Logo Egovision4Health: Assessing Activities of Daily Living from a Wearable RGB-D Camera for In-Home Health Care Applications


Abstract. Camera miniaturization and mobile computing now makes it feasible to capture and process videos from body-worn cameras such as the Google Glass headset. This egocentric perspective is particularly well-suited to recognizing objects being handled or observed by the wearer, as well as analysing the gestures and tracking the activities of the wearer. Egovision4Health is a joint research project between the University of Zaragoza, Spain and the University of California, in Irvine, USA. The objective of this three-year project, currently in its second year, is to investigate new egocentric computer vision techniques to automatically provide health professionals with an assessment of their patients’ ability to manipulate objects and perform daily activities.

Keywords. Egocentric Vision. Wearable Cameras. Activity Analysis.

Description of the work performed .

In the first months of the project, we created a first prototype of wearable RGB-D camera by chest-mounting an Intel Creative camera using a GoPro harness. We then collected and annotated (full 3D hand poses) the first RGB-D benchmark dataset of real egocentric object manipulation scenes. We developed a semi-automatic labelling tool which allows to accurately annotate partially occluded hands and fingers in 3D.

Figure 1. Annotated test dataset.


Then, we developed our own rendering engine which synthesizes photorealistic RGB-D images of egocentric object manipulation scenes. This led to the creation of a large scale training dataset of synthetic egocentric RGBD images. In a second phase, we used this dataset to train several new computer vision algorithms for detection and recognition of hands during everyday object manipulations.

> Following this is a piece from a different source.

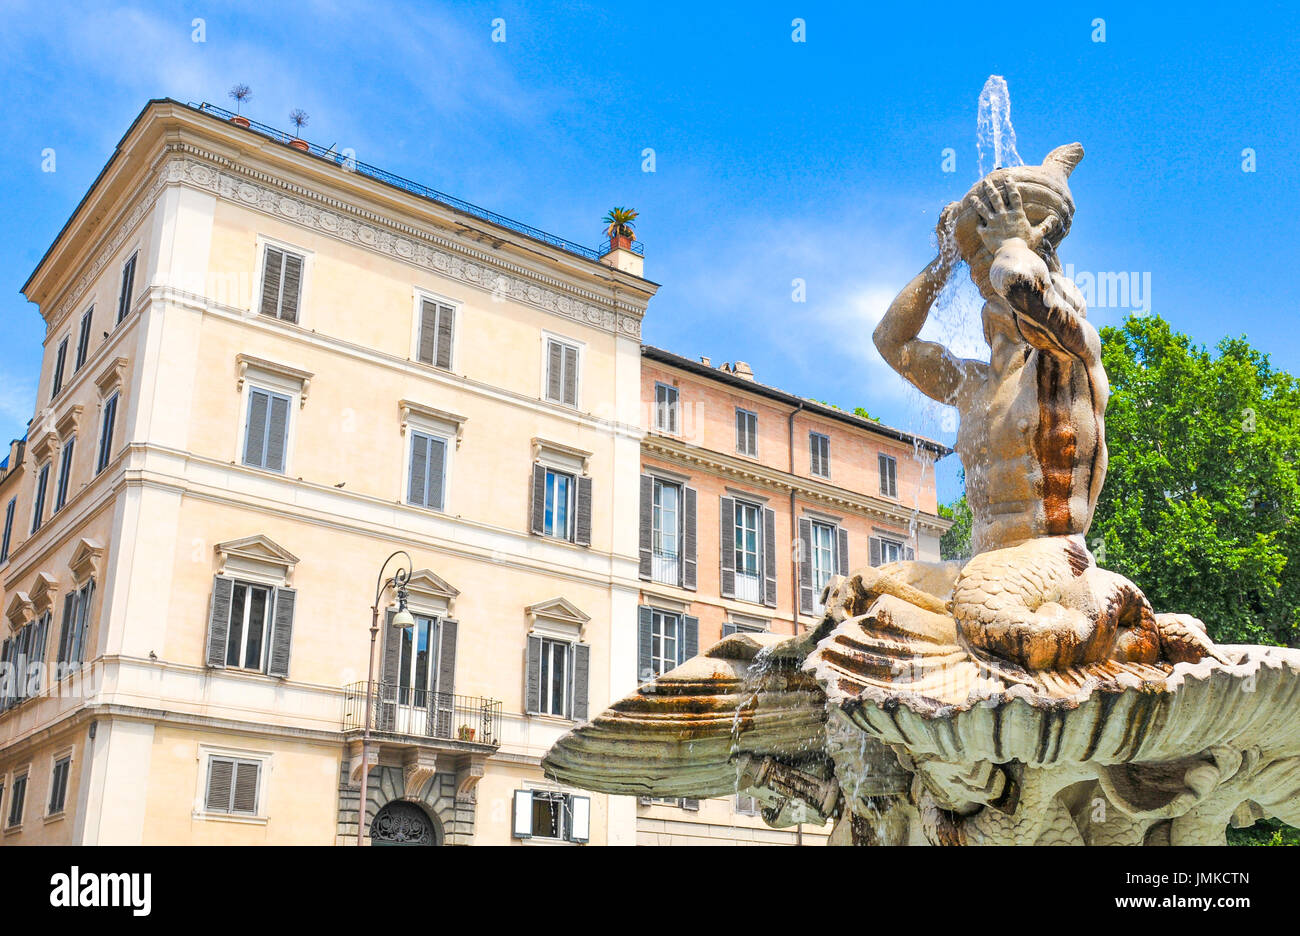 Architectural detail of fountain in Rome, Italy Stock Photo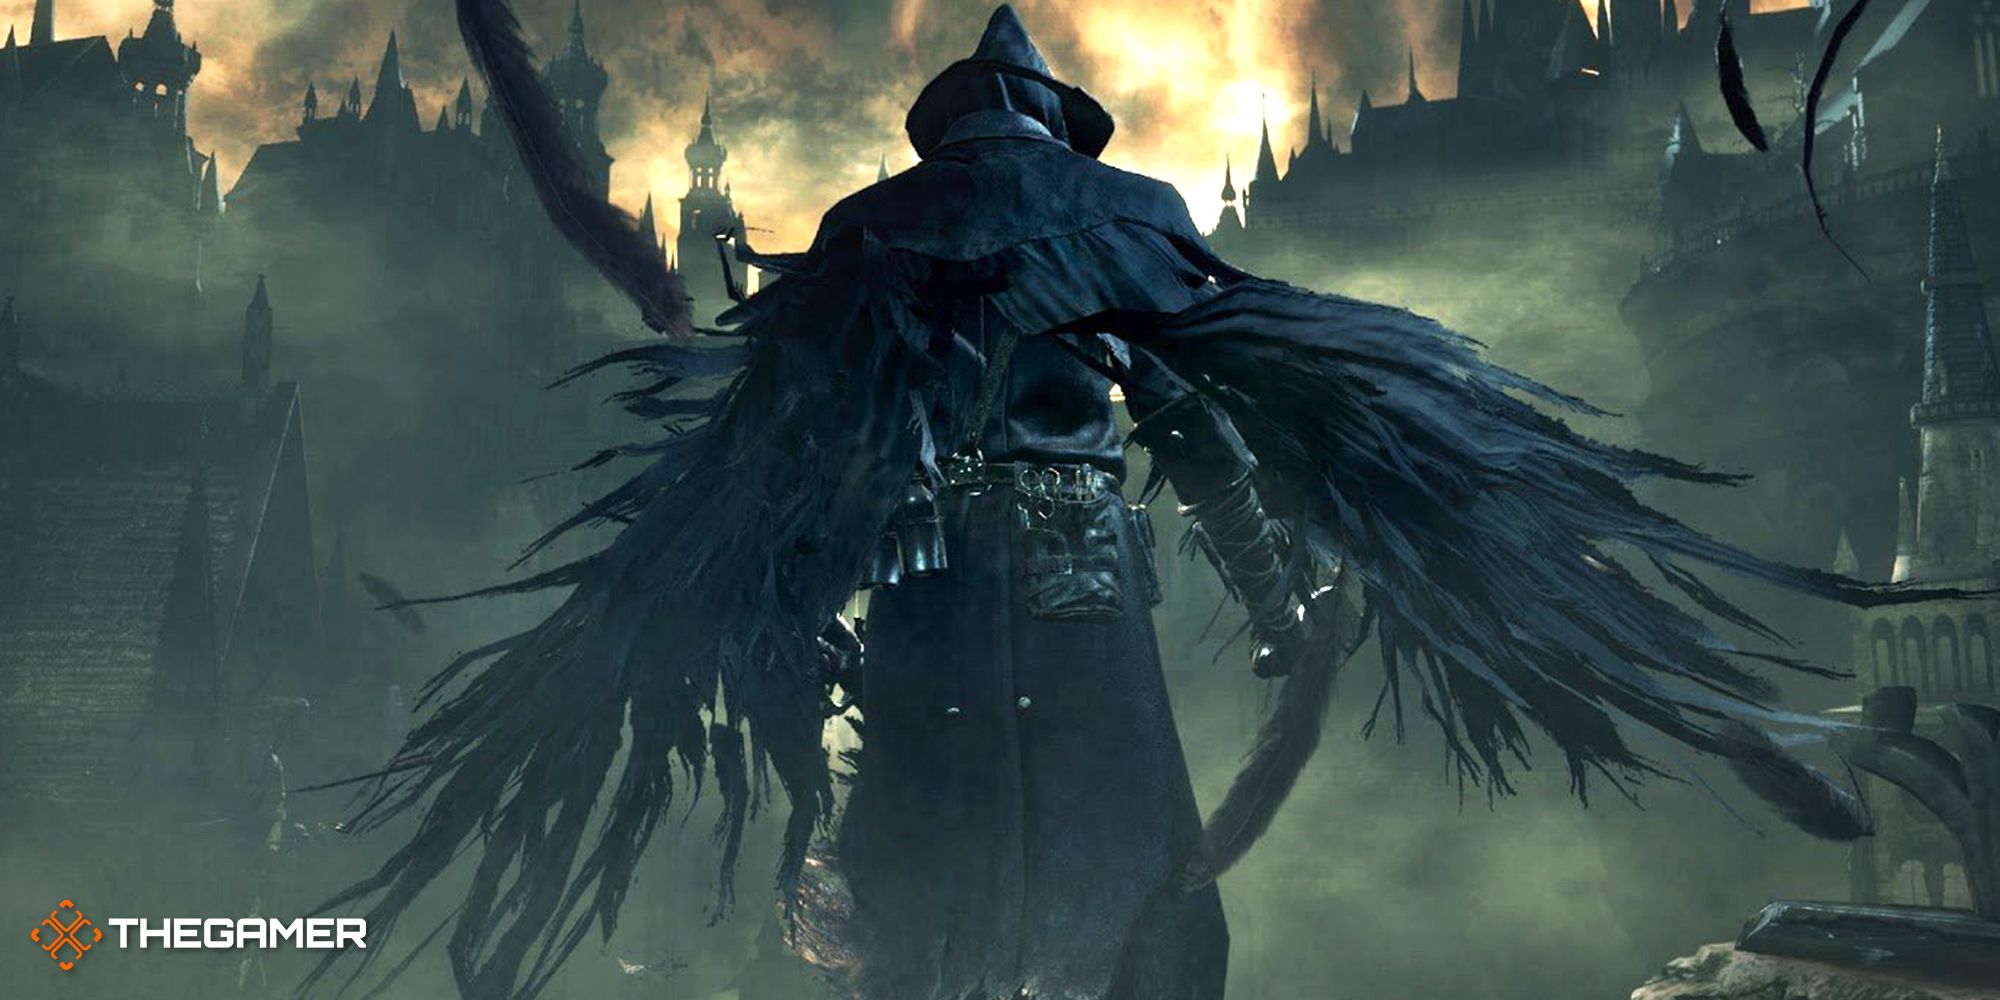 1-Bloodborne How To Complete Eileen The Crow’s Questline

Figure 2. Egocentric pose estimation. (a). Synthetic egocentric camera mounted on a virtual avatar and egocentric workspace. (b) Examples of synthetic training depth images. (c) Depth features computed on the whole egocentric workspace for classification. (d) Our prototype (upper-left) of wearable RGB-D camera and pose estimation results in real egocentric RGB-D images.

In a second phase, we analyzed functional object manipulations, this time focusing on fine-grained hand-object interactions. We made use of a recently developed fine-grained taxonomy covering everyday interactions and created a large dataset of 12000 RGB-D images covering 71 everyday grasps in natural interactions.

Figure 3. GUN-71 dataset.

In the last period, we addressed the more general problem of full-body 3D pose estimation in third- person RGB images and developed a new data synthesis technique to generate large-scale (2 millions images) training data that were later used to train Deep Convolutional Neural Networks.

Figure 4. Mocap-guided data augmentation.


Description of the main results achieved so far .

We introduced the use of wearable RGB-D cameras and advanced existing knowledge on hand and object detection in first-person views. In particular, we defined and developed the new concept of Egocentric Workspace and the associated spherical encoding of depth features. This concept allowed developing a new computer vision based method that estimates the 3D pose of an individual’s upper limbs (arms+hands) from a chest mounted depth-camera reaching state-of-the-art results in real-time.

We then analyzed functional object manipulations during daily activities and explored the problem of contact and force prediction (crucial concepts in functional grasp analysis) from perceptual cues. This analysis reveals the importance of depth for segmentation and detection, and the effectiveness of state-of-the-art deep RGB features for detailed grasp understanding. Finally, we artificially augmented a dataset of real images with new synthetic images and showed that Convolutional Neural Networks (CNN) can be trained on artificial images and generalize well to real images. This end-to-end CNN classifier for 3D pose estimation outperforms state-of-the-art results in terms of 3D pose estimation in controlled environments and shows promising results in the wild.


Perspective-aware binary depth features computed on egocentric workspace and estimated first person 3D pose


First person 3D pose estimation in egocentric RGB-D video.


Understanding Everyday Hands in Action from Egocentric (First-person) RGB-D Images


This research is supported by the European Commission under FP7-PEOPLE-2012-IOF – Marie Curie Action: “International Outgoing Fellowships for Career Development”. Grant “Egovision4Health”. (PIOF-GA-2012-328288).